> **YOUR INSTRUCTIONS**
The answer is to be an exact copy of the lines below running from the line with "Xurol Pump Set Oil" down to the line with "Hammered finish", both ends included, and nothing more.

.....

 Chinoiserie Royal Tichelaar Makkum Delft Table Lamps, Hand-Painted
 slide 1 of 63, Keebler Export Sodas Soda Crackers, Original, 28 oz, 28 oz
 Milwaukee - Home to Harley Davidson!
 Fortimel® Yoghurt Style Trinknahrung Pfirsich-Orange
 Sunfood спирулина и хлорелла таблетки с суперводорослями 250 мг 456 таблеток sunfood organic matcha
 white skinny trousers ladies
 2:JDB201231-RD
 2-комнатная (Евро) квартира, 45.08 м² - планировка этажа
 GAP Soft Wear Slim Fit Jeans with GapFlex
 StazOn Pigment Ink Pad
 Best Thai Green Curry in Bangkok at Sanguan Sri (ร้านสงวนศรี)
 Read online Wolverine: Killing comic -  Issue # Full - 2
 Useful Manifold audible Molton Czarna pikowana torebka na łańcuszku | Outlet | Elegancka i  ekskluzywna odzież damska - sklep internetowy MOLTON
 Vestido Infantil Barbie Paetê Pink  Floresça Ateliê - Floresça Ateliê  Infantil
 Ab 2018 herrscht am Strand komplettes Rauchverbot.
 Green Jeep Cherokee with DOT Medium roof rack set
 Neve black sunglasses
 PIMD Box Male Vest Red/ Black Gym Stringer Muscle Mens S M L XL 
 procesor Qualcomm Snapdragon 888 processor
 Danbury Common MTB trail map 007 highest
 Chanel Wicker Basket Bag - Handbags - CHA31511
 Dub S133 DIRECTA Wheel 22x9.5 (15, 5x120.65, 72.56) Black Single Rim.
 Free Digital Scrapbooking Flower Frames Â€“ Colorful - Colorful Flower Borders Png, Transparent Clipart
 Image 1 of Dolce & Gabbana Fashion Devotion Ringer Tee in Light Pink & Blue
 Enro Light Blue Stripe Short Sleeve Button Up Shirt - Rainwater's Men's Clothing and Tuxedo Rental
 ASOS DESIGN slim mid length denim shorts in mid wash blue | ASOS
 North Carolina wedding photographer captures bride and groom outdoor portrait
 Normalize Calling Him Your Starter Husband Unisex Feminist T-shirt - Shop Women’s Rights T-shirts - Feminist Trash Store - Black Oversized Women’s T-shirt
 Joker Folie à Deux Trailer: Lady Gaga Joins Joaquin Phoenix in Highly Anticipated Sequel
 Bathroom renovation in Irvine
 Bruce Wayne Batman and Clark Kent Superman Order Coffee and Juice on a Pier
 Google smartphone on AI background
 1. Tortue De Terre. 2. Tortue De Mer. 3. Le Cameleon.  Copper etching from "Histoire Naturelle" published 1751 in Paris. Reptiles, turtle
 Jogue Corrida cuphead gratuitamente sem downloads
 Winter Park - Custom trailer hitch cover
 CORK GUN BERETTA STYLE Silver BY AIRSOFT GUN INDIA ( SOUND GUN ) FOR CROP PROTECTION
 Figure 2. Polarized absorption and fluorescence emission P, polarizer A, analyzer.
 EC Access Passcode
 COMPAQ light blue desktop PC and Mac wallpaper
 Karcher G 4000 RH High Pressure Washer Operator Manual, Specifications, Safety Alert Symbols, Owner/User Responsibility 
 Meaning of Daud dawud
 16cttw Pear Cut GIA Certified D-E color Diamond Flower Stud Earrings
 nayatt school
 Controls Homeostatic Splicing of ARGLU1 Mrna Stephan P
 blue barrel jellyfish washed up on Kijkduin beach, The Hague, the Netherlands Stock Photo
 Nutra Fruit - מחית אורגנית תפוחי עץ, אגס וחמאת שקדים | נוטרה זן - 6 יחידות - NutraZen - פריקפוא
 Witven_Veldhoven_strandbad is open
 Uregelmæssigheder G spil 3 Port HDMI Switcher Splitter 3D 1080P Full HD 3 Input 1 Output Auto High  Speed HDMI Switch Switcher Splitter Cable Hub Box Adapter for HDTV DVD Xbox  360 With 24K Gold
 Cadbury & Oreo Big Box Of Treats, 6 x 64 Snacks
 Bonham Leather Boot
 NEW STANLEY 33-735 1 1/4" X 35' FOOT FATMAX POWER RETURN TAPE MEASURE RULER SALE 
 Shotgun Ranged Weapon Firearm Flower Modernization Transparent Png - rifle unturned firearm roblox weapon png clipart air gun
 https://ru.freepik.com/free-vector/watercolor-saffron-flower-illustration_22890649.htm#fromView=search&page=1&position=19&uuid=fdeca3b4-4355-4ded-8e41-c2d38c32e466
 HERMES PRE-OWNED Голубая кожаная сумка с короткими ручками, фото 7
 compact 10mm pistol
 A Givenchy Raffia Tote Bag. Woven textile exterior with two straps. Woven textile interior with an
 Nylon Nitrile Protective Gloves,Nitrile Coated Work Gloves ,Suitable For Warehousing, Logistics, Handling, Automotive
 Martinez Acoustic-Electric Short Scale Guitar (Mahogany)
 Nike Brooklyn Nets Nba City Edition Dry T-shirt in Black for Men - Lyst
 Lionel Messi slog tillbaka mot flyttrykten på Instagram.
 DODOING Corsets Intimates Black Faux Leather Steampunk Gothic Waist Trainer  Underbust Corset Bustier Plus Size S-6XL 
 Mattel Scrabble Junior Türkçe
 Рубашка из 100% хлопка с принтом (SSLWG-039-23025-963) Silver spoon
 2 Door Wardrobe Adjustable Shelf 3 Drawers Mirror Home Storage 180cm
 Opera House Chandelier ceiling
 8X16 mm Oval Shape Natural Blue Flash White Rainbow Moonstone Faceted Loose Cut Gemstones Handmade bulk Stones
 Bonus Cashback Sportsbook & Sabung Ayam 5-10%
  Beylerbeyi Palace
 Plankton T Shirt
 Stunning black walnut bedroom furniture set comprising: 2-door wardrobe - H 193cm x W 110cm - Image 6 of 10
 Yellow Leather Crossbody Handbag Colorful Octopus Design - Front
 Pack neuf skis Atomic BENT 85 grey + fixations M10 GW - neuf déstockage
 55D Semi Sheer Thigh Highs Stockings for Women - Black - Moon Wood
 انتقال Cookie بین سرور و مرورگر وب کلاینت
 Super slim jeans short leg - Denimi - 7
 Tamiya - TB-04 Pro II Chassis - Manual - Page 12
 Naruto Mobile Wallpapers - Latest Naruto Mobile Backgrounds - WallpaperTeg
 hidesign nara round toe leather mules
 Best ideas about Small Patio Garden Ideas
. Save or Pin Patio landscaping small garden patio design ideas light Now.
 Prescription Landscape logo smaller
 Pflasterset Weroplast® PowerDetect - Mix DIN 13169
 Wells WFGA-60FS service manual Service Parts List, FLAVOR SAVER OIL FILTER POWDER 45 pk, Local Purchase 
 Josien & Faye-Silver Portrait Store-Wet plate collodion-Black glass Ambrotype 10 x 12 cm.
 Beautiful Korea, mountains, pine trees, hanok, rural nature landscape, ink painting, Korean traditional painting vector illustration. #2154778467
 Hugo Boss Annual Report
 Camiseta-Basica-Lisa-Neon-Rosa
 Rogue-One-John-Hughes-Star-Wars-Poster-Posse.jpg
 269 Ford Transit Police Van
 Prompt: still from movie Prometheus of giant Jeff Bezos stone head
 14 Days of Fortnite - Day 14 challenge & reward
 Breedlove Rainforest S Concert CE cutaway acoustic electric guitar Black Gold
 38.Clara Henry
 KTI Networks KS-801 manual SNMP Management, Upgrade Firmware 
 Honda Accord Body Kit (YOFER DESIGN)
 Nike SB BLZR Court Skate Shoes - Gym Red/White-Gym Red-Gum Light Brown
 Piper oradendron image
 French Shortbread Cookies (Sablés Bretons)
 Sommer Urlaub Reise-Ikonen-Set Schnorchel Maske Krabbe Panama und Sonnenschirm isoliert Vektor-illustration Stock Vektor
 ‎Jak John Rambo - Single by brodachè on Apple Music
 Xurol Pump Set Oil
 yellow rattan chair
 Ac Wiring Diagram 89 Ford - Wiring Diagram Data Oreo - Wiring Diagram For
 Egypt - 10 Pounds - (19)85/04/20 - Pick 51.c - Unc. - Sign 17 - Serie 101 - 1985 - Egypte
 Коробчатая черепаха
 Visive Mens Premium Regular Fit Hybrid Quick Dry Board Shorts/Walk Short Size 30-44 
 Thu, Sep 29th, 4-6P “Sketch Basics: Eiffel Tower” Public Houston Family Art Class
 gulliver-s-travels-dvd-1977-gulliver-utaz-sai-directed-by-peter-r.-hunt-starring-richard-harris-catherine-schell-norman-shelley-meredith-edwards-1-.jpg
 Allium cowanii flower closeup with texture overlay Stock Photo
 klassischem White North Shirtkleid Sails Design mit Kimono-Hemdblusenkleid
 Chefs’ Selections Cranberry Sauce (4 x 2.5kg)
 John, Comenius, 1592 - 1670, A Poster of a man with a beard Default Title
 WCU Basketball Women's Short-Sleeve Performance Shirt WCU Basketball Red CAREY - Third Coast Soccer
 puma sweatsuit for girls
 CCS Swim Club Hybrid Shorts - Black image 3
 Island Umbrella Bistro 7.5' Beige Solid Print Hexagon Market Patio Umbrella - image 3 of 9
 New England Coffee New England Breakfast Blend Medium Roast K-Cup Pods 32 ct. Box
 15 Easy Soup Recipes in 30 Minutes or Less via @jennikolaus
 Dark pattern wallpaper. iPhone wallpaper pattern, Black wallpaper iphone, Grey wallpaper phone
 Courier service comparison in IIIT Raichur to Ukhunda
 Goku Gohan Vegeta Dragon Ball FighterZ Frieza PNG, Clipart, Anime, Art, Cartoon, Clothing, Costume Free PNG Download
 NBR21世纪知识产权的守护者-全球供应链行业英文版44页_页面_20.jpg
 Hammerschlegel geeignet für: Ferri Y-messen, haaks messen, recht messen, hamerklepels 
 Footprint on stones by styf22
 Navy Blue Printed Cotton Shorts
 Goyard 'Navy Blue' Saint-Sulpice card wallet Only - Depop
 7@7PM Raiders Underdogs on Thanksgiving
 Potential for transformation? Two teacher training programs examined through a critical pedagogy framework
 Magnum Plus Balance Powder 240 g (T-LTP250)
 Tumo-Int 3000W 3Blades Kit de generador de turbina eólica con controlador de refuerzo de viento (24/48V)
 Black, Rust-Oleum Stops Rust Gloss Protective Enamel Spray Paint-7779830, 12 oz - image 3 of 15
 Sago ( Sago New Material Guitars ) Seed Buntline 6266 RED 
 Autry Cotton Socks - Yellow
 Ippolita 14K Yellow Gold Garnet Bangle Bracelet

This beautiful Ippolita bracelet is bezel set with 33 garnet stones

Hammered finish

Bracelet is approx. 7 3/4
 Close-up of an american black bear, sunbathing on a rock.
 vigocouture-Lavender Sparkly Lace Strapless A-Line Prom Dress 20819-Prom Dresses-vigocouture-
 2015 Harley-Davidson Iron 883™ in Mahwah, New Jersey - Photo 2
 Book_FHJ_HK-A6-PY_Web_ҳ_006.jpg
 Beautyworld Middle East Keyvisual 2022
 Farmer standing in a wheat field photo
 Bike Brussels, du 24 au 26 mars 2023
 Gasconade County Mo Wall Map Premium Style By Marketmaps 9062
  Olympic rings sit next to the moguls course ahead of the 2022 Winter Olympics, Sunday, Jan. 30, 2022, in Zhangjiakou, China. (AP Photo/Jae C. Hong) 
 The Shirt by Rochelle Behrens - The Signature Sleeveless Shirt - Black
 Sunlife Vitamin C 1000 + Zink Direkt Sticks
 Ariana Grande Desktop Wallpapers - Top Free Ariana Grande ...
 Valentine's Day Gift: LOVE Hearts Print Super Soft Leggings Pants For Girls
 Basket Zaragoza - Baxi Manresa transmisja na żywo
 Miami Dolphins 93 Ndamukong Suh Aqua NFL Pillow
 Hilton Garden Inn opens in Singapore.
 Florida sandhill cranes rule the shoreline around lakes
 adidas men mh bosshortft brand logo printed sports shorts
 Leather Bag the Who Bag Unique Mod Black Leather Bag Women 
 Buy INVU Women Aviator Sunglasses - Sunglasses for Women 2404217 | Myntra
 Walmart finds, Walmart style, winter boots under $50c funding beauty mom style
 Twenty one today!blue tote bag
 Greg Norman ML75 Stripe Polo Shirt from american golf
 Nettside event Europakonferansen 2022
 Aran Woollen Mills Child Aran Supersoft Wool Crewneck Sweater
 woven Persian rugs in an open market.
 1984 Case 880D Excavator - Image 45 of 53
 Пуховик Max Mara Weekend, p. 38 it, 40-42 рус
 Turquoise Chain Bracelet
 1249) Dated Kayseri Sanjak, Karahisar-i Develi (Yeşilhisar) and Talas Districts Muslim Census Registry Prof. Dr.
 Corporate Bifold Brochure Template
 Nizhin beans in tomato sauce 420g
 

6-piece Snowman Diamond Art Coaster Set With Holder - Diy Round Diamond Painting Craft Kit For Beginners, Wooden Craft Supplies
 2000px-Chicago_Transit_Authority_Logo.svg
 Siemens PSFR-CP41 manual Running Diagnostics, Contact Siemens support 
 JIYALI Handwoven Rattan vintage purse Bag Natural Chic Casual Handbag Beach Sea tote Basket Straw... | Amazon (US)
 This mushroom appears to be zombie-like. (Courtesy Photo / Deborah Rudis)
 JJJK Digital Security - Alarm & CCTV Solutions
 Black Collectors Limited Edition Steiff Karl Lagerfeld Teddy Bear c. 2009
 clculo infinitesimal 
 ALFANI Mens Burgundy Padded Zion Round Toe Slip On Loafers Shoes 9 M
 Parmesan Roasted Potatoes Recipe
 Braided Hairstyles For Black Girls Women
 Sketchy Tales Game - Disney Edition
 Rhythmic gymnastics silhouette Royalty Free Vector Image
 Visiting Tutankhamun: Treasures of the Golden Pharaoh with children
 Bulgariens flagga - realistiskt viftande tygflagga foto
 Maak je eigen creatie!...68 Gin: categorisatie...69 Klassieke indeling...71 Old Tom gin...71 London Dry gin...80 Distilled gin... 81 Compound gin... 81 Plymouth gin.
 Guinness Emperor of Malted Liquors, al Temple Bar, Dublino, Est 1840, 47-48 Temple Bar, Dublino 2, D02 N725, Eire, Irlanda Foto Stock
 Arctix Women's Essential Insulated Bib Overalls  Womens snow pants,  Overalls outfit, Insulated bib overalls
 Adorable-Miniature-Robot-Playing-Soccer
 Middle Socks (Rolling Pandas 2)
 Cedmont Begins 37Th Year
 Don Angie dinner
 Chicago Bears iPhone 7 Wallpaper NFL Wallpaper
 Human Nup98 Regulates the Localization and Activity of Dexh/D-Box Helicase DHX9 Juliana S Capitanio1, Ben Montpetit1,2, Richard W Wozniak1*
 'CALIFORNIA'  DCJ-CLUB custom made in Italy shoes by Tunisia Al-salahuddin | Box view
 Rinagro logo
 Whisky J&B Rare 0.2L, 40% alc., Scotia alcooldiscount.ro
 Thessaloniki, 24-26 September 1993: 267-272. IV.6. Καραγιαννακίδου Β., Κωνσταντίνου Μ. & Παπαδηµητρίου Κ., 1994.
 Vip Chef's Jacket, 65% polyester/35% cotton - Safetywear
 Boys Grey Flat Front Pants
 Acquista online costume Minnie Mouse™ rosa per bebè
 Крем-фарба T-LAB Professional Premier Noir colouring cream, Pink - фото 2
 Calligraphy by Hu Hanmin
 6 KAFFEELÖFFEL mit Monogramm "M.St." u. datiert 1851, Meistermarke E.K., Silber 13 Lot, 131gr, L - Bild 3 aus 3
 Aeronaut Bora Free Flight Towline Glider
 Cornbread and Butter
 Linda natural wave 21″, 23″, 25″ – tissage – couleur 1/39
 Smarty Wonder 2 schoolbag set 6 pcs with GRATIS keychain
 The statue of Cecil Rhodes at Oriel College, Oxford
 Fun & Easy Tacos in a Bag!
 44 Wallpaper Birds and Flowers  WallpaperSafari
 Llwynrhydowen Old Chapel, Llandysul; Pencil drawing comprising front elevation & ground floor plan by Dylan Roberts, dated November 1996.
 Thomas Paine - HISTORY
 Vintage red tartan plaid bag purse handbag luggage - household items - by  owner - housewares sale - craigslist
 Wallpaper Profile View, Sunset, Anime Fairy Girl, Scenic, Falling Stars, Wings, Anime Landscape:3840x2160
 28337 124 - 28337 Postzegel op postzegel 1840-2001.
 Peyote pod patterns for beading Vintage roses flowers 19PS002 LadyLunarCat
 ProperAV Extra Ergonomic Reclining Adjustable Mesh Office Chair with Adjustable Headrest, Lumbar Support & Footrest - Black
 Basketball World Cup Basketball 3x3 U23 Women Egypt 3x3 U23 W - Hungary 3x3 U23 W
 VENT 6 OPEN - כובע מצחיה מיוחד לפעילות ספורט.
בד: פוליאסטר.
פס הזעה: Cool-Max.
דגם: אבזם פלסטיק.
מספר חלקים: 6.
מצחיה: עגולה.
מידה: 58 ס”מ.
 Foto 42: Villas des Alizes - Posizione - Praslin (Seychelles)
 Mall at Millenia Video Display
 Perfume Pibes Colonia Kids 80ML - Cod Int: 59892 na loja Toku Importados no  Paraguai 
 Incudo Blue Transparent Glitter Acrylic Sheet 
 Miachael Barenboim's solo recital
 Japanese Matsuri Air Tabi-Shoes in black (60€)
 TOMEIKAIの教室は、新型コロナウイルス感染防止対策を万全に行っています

.....

> **SOLUTION FOR THIS TASK**
 Xurol Pump Set Oil
 yellow rattan chair
 Ac Wiring Diagram 89 Ford - Wiring Diagram Data Oreo - Wiring Diagram For
 Egypt - 10 Pounds - (19)85/04/20 - Pick 51.c - Unc. - Sign 17 - Serie 101 - 1985 - Egypte
 Коробчатая черепаха
 Visive Mens Premium Regular Fit Hybrid Quick Dry Board Shorts/Walk Short Size 30-44 
 Thu, Sep 29th, 4-6P “Sketch Basics: Eiffel Tower” Public Houston Family Art Class
 gulliver-s-travels-dvd-1977-gulliver-utaz-sai-directed-by-peter-r.-hunt-starring-richard-harris-catherine-schell-norman-shelley-meredith-edwards-1-.jpg
 Allium cowanii flower closeup with texture overlay Stock Photo
 klassischem White North Shirtkleid Sails Design mit Kimono-Hemdblusenkleid
 Chefs’ Selections Cranberry Sauce (4 x 2.5kg)
 John, Comenius, 1592 - 1670, A Poster of a man with a beard Default Title
 WCU Basketball Women's Short-Sleeve Performance Shirt WCU Basketball Red CAREY - Third Coast Soccer
 puma sweatsuit for girls
 CCS Swim Club Hybrid Shorts - Black image 3
 Island Umbrella Bistro 7.5' Beige Solid Print Hexagon Market Patio Umbrella - image 3 of 9
 New England Coffee New England Breakfast Blend Medium Roast K-Cup Pods 32 ct. Box
 15 Easy Soup Recipes in 30 Minutes or Less via @jennikolaus
 Dark pattern wallpaper. iPhone wallpaper pattern, Black wallpaper iphone, Grey wallpaper phone
 Courier service comparison in IIIT Raichur to Ukhunda
 Goku Gohan Vegeta Dragon Ball FighterZ Frieza PNG, Clipart, Anime, Art, Cartoon, Clothing, Costume Free PNG Download
 NBR21世纪知识产权的守护者-全球供应链行业英文版44页_页面_20.jpg
 Hammerschlegel geeignet für: Ferri Y-messen, haaks messen, recht messen, hamerklepels 
 Footprint on stones by styf22
 Navy Blue Printed Cotton Shorts
 Goyard 'Navy Blue' Saint-Sulpice card wallet Only - Depop
 7@7PM Raiders Underdogs on Thanksgiving
 Potential for transformation? Two teacher training programs examined through a critical pedagogy framework
 Magnum Plus Balance Powder 240 g (T-LTP250)
 Tumo-Int 3000W 3Blades Kit de generador de turbina eólica con controlador de refuerzo de viento (24/48V)
 Black, Rust-Oleum Stops Rust Gloss Protective Enamel Spray Paint-7779830, 12 oz - image 3 of 15
 Sago ( Sago New Material Guitars ) Seed Buntline 6266 RED 
 Autry Cotton Socks - Yellow
 Ippolita 14K Yellow Gold Garnet Bangle Bracelet

This beautiful Ippolita bracelet is bezel set with 33 garnet stones

Hammered finish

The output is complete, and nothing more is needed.